What not to say to someone who has chosen family estrangement

pexels timur weber 8559953

pexels timur weber 8559953

Family estrangement is often misunderstood and stigmatized, making many who choose it reluctant to share their experiences with others. When they can talk, they choose people who are safe and able to relate to them. Would you like to be one of these people? If so, consider the following guidelines.

Don’t focus on your beliefs

Avoid saying:

  • “But they are your family.”
  • “Family is everything.”
  • “You only have one father/mother/grandparent.”

The person who chose the estrangement does not need to hear your thoughts or feelings about the family. They have heard it before from others or from society, yet they are disconnected. Instead, consider being curious about their beliefs and situation.

He says:

  • “What are your beliefs about family?”
  • “This must have been a difficult decision.”
  • “You deserve relationships that make you feel safe and valuable.”

Don’t compare experiences

Avoid saying:

  • “Every family has problems.”
  • “My family has made mistakes too, but I still talk to them.”
  • “They never abused me/hurt me/oppressed me.”

In your attempt to connect, you may inadvertently compare your own experiences to theirs. But your family is not this person’s family, so any comparison doesn’t make sense. Even if they share your family, your experiences are not theirs. Even siblings close in age who grew up in the same family can have very different experiences, and both are true.

Instead, say:

  • “I believe you, even if my experience is different.”
  • “I trust you know what’s best for you.”
  • “It sounds like your family relationships are hurting.”

Avoid trying to repair

Avoid saying:

  • “You should try it Forgive they.”
  • “If they change, can you give them another chance?”
  • “You’ll feel better if you reach out.”

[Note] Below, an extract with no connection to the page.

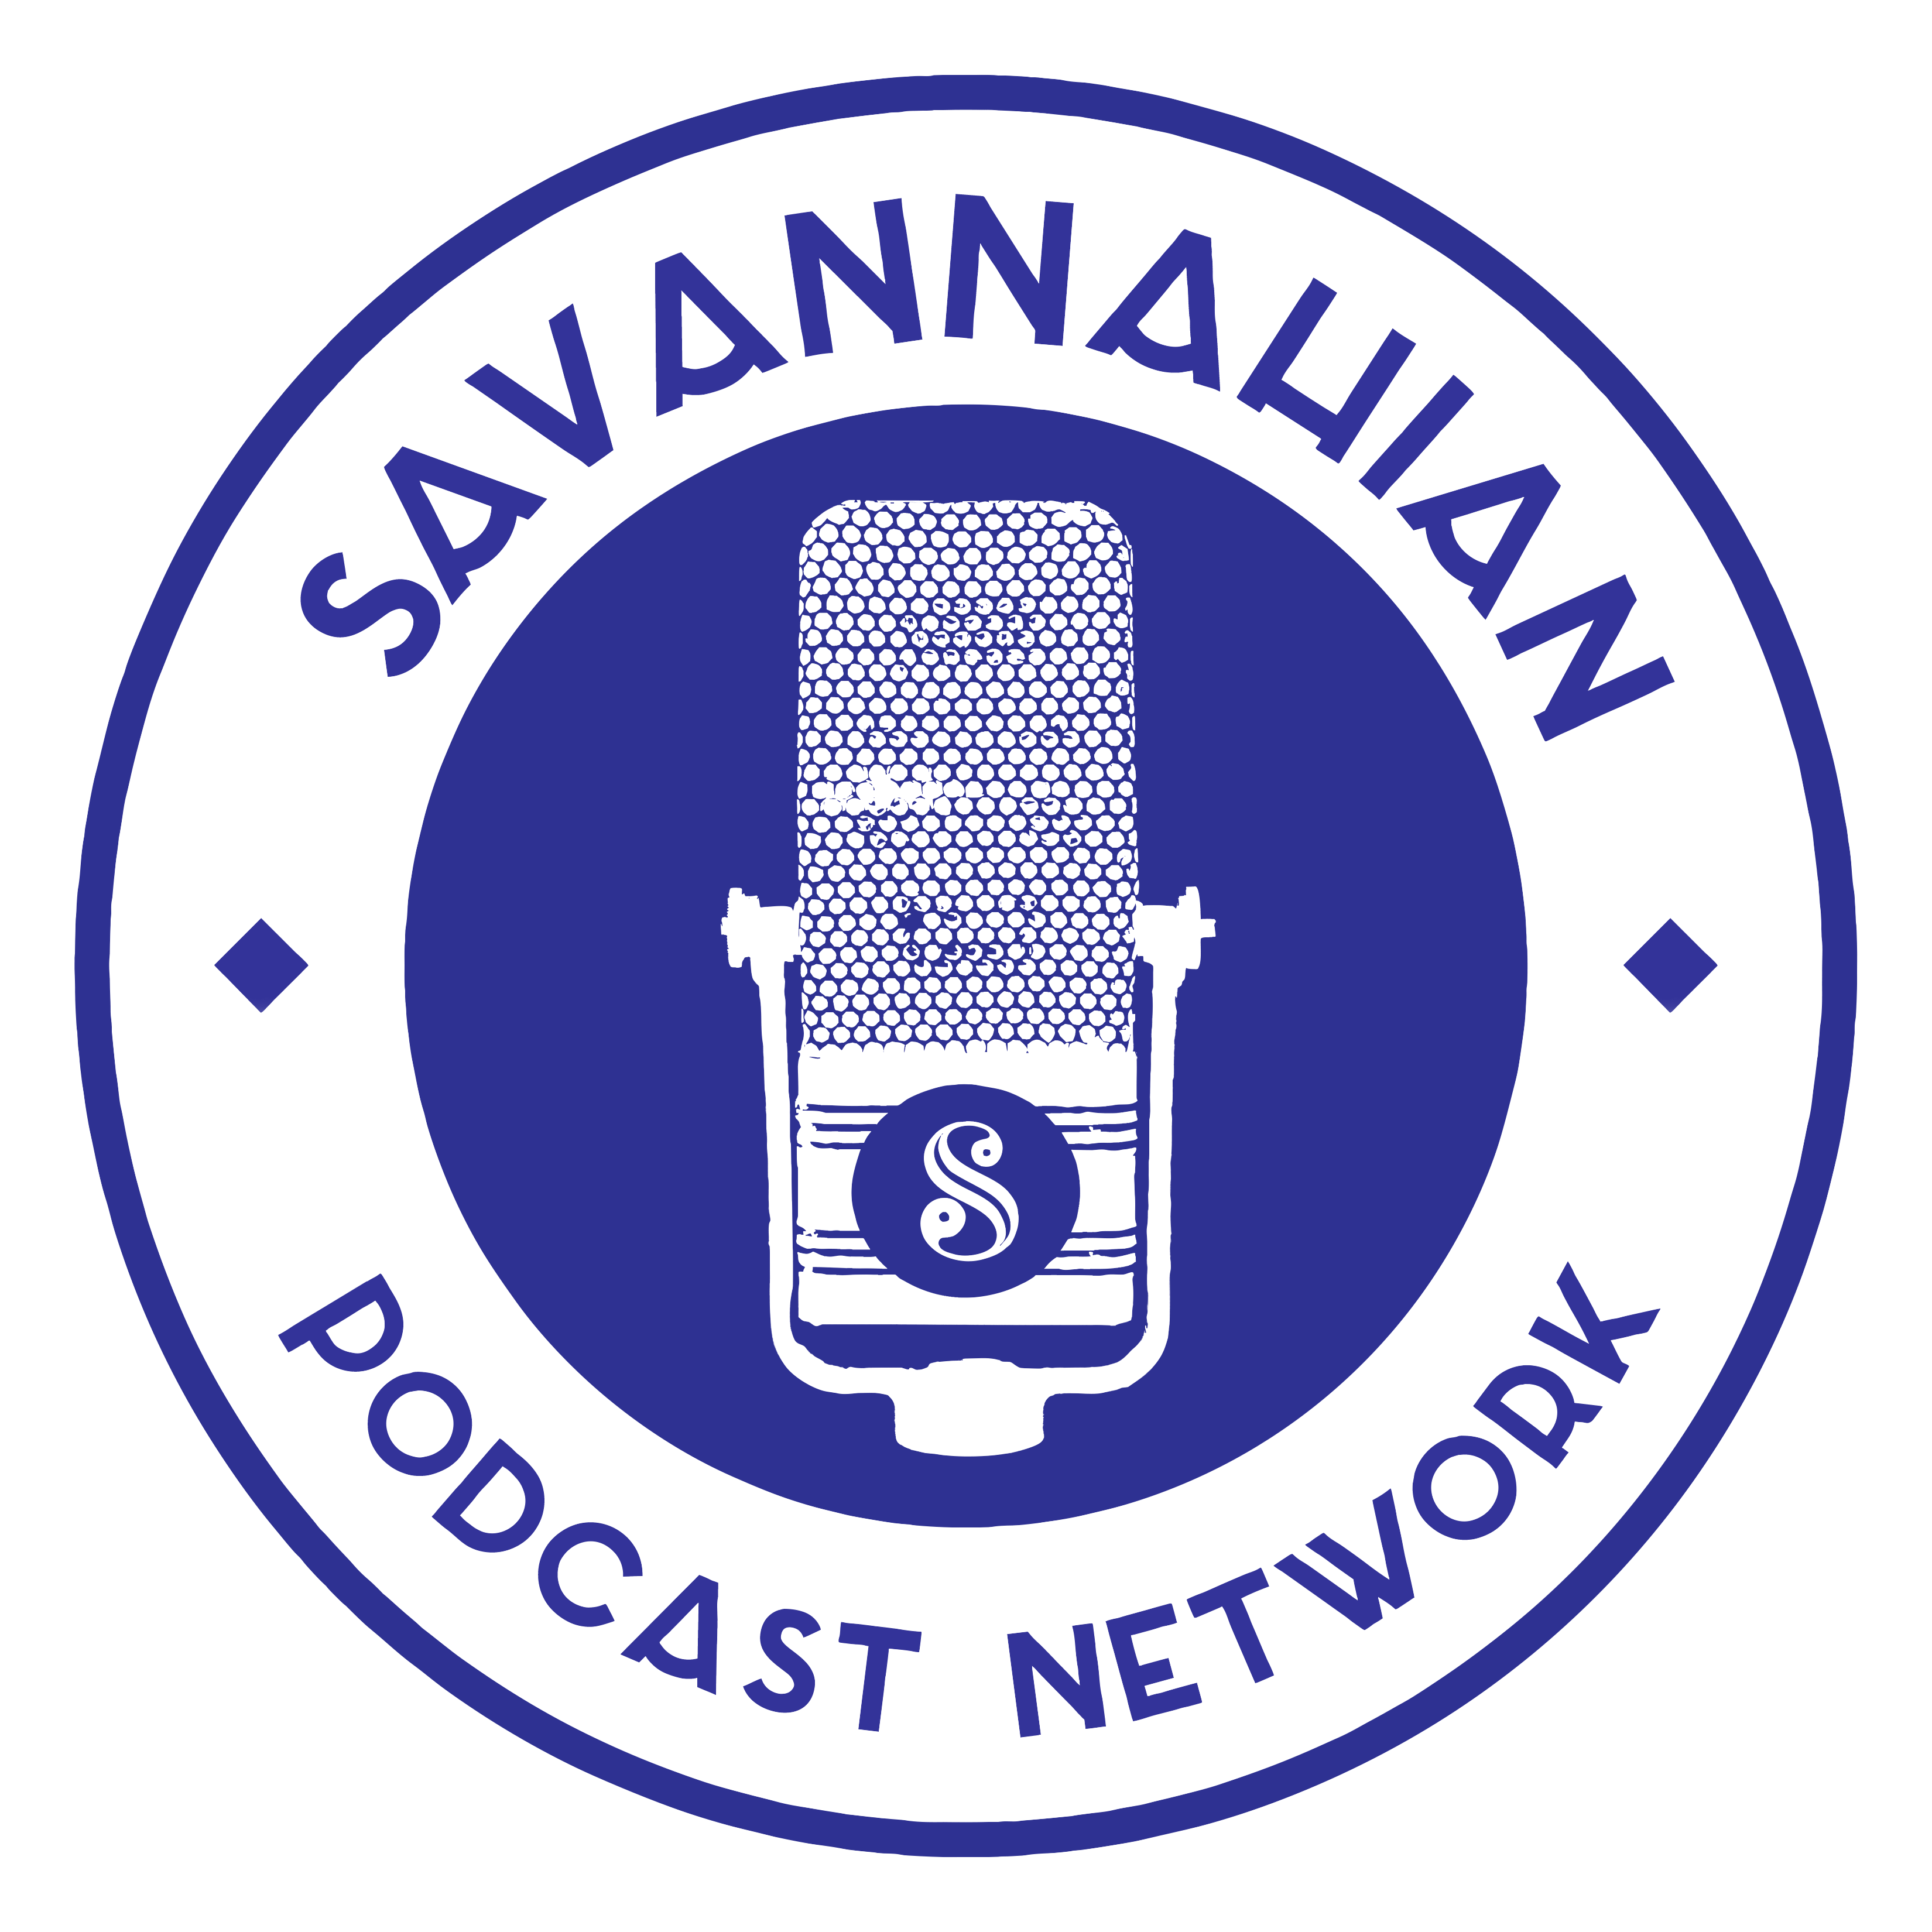 Announcement: Savannahian Podcast Network coming soon!

Just as comparisons are ineffective, so is unsolicited advice. You can encourage them to take action with the intention of helping. But this is rarely productive and it shows when you simply tell them what to do. Remember: Their situation is different from yours, and what you think will work for you or what might work for you may not work for them.

Instead, say:

  • “Do you want or need my input?”
  • “Healing may look different for everyone. What do you need to heal?”
  • “How can I support you now?”

Don’t blame them

Avoid saying:

  • “You’ll wish you had another chance when they die.”
  • “How can you do that to your family?”
  • “They need you.”

Feeling guilty rarely causes someone to permanently change their thoughts, feelings, or actions, but it can cause emotional damage. Those who use Guilt or He is afraid Against others they are not safe people, and they should avoid discussing family estrangement.

Instead, say:

  • “I’m here if you want to talk about it.”
  • “I trust that you are making choices that keep you safe.”
  • “i believe you.”

Family estrangement is not a topic that everyone can safely discuss. The best way to support someone who has chosen them is not by fixing, comparing, guilting, or fixating on your beliefs, but by listening without an agenda. When you offer acceptance instead of advice, and curiosity instead of criticism, you become the safe person they can talk to.